Interim countermeasures can be implemented while awaiting patches. For DirtyDecrypt, administrators should check if the rxgk module is active via the CONFIG_RXGK variable and disable it if not required. To mitigate AF_ALG-based PoCs, it is recommended to restrict access to these interfaces using SELinux or AppArmor policies, limiting an unprivileged user's ability to invoke the vulnerable calls.

Regarding third-party solutions, CloudLinux maintainers stated: "Customers who have already applied the Dirty Frag mitigation need no further action until patched kernels are released." It is critical to recognize that checksumming tools like AIDE or Tripwire will not detect these intrusions; monitoring should instead focus on process behavior and strict access control management.

Conclusion

Page cache vulnerabilities represent a critical threat to Linux security stability in 2026. The deterministic nature of CopyFail and the versatility of Fragnesia demonstrate that performance-focused optimizations can harbor deep logical risks. The rapid response from CISA indicates that securing these infrastructures is an urgent priority, given the immediate availability of weaponized exploits.

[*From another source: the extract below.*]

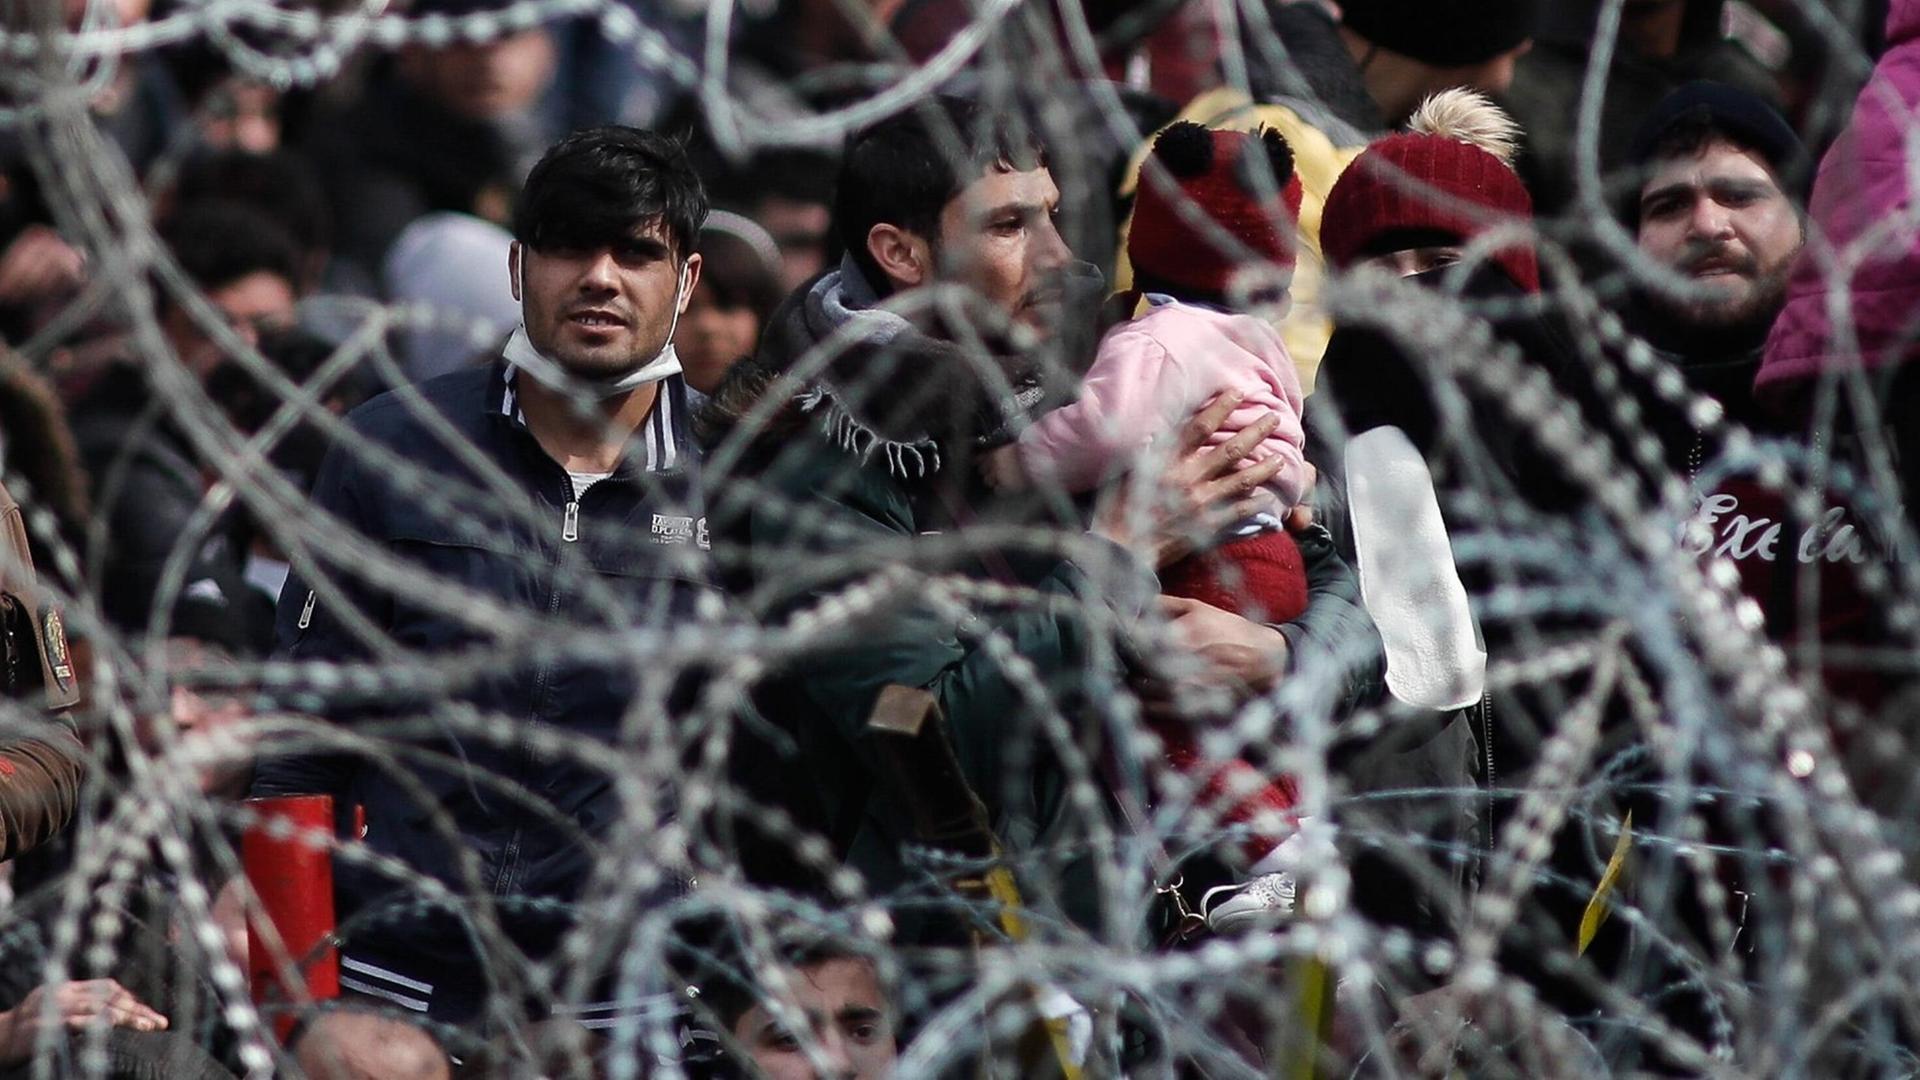 Migranten stehen am 2. März 2020 an der Grenze zwischen Griechenland und der Türkei an einem Stacheldrahtzaun.

As the debate over the "Killswitch" mechanism continues, the burden of security remains tied to patch cycle agility. Administrators must closely monitor official bulletins for CVE-2026-31431 and CVE-2026-46300, recognizing that the window for securing systems is shrinking as exploit adoption accelerates.

Information has been verified against cited sources and is current as of the time of publication.